My Declaration of Independence

At age 10, my brother and I wanted new bikes. My dad said we could earn our way to one, so he fronted us a few cases of pop and dropped us off at a golf course to sell them 75¢ a can. Being little kids, most of the golfers had us keep the buck. We smoozed, we earned. I still have that bike, worse for the wear, but still have it.

At age 17, I needed money for prom and didn’t have a job. So a buddy and I started a lawn mowing business in the neighborhood, charging $10 a lawn, splitting 50/50. We undercut the big guys and took customers. Having a sheet of customers we had to attend to each week, we hired a friend with a tractor to help us get it all done. We ended up firing him because he didn’t finish lawns correctly. Earned prom plus some.

At age 25, after working in the hospitality business and doing event internships, I couldn’t find a worthwhile full time gig as an event planner. So I figured I’d get started myself. This was the start of the Righteous idea with Righteous Events. Lost a bunch of money and realized I needed to know how to run a business better. So I went for my second degree, this time in Entrepreneurship at Canisius. In this year of quarter-life crisis, I made a personal declaration of independence for myself. I swore off normal for greater.

At age 28, I presented a plan for a social media company at the New York State Business Plan Competition. It was terrible.
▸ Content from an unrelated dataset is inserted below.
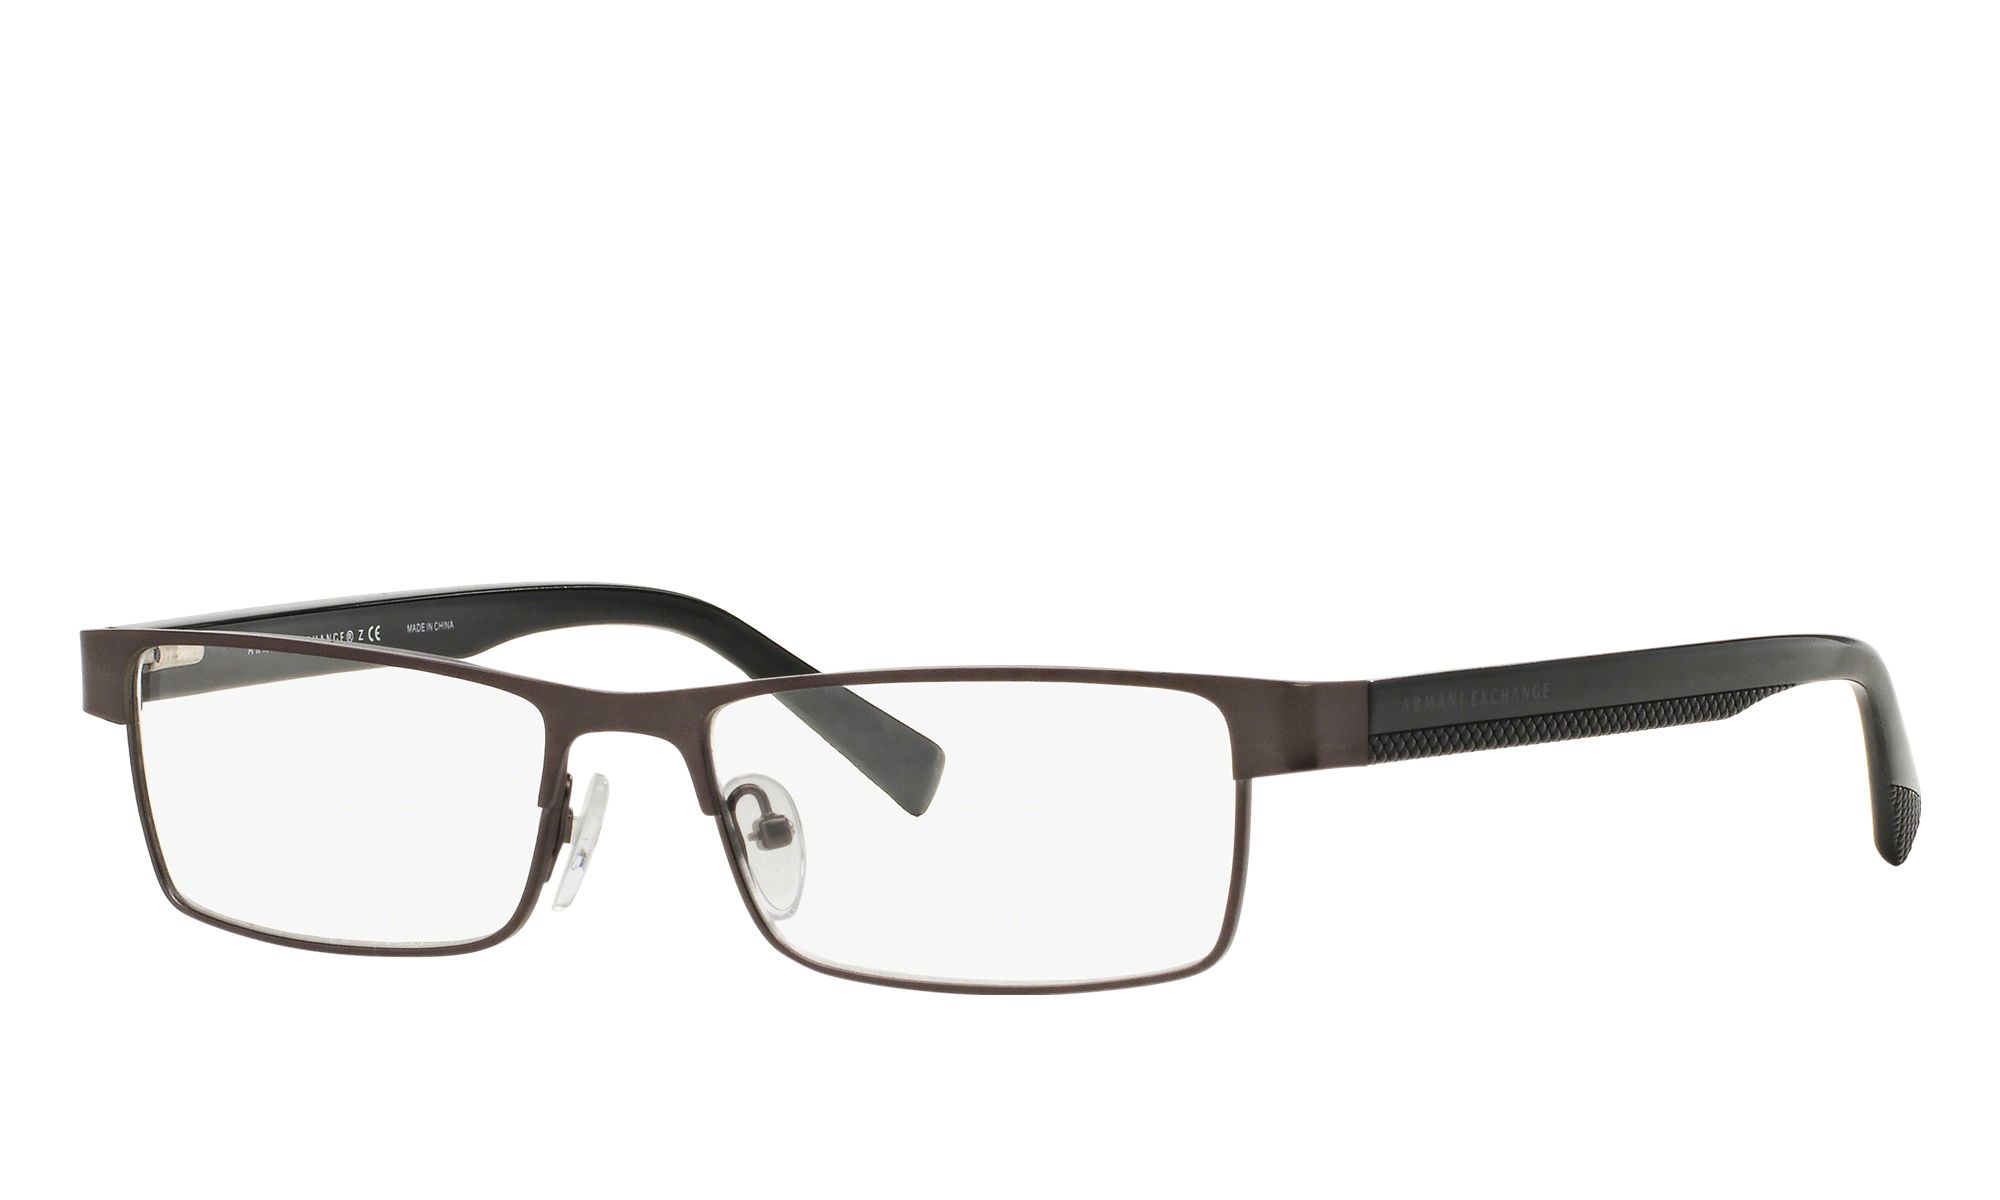 Armani Exchange AX1009 | Glasses.com® | Free Shipping

At age 30, I had to develop a business for my final project. Having a better eye for developing market research, Righteous Co. was born to help ministries and non-profits market themselves to their communities. Got an “A”. Well I wasn’t that good yet at market research and ultimately saw that it wasn’t a feasible/scaleable model in practice. Plus, I didn’t want to build websites all day.
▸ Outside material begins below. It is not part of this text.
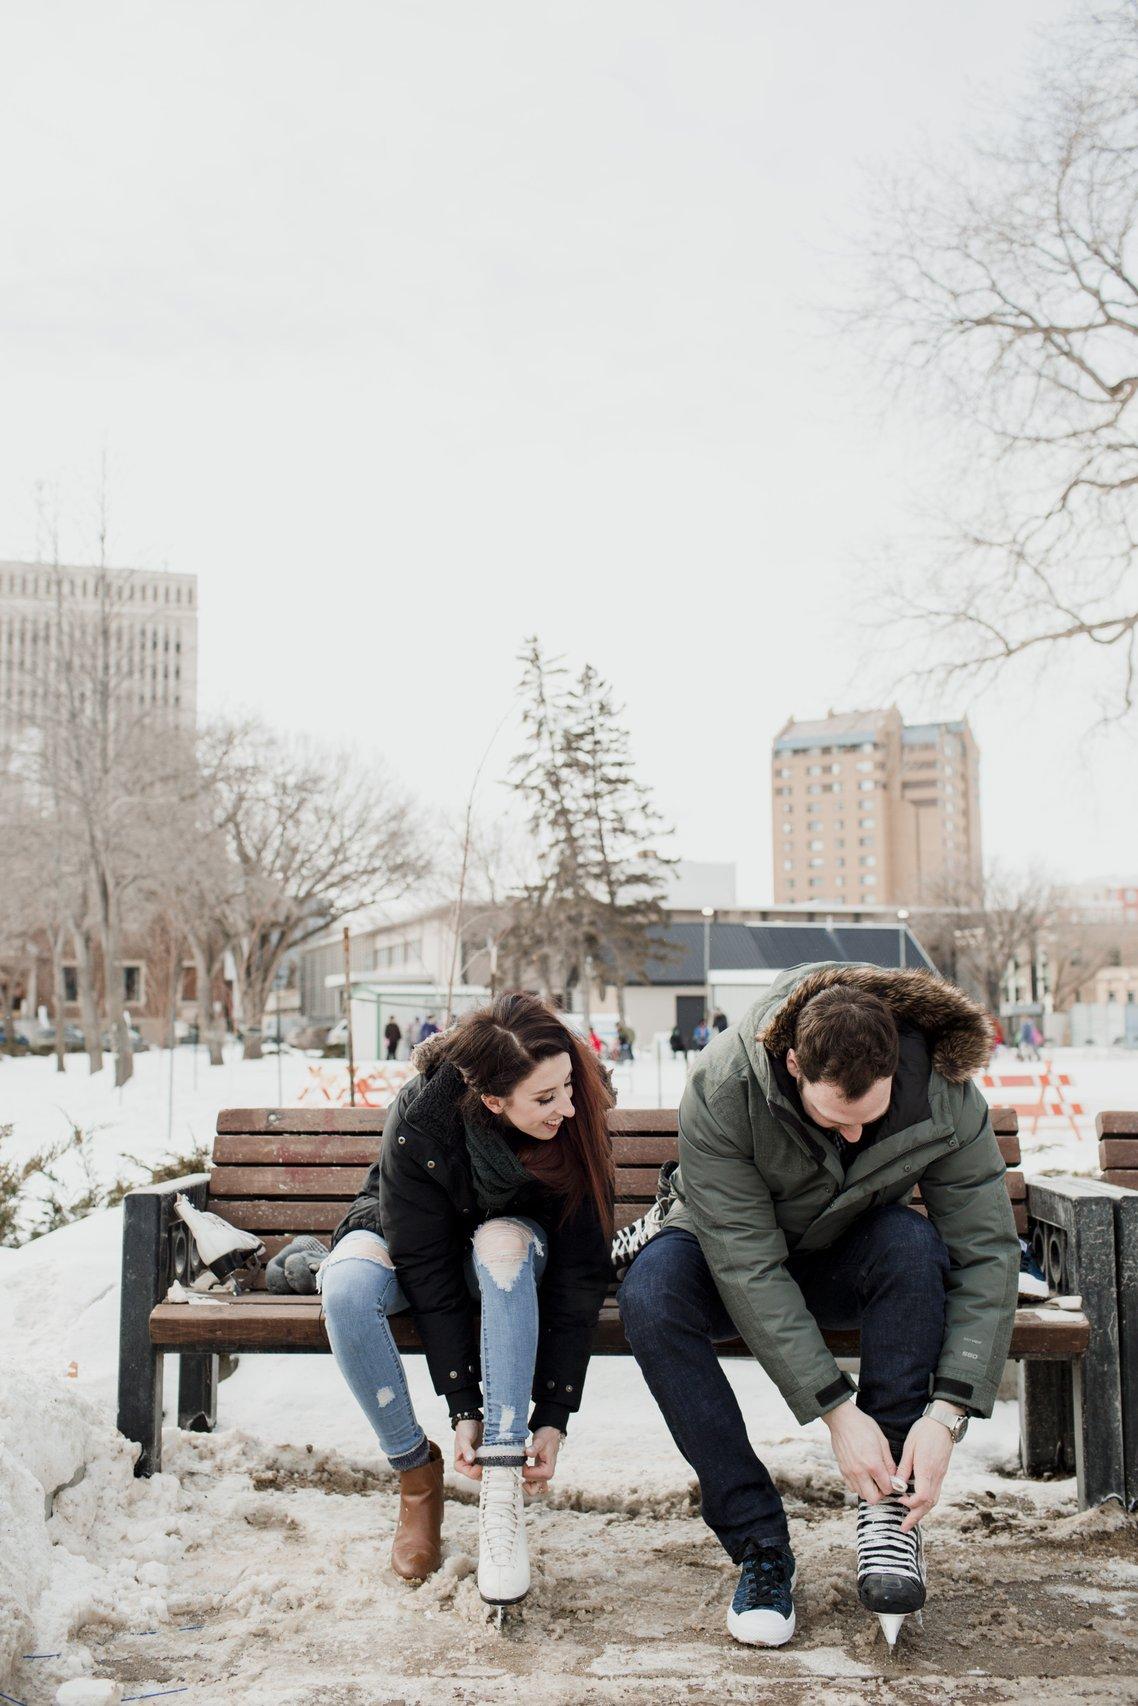 Save for couples winter pose inspo! What should i do next? 🤔 #poses #... |  TikTok

Today at age 33, I’m repurposing the Righteous Co. brand and tying all of my strengths together in one platform to help others. I’m basing the idea around virtue and valor, a core need and hunger for people. By using my ability to connect with people, tell a story, along with a twist of experience in leadership, Righteous Co. is moving forward to its next phase. Perhaps its last and final in its ark.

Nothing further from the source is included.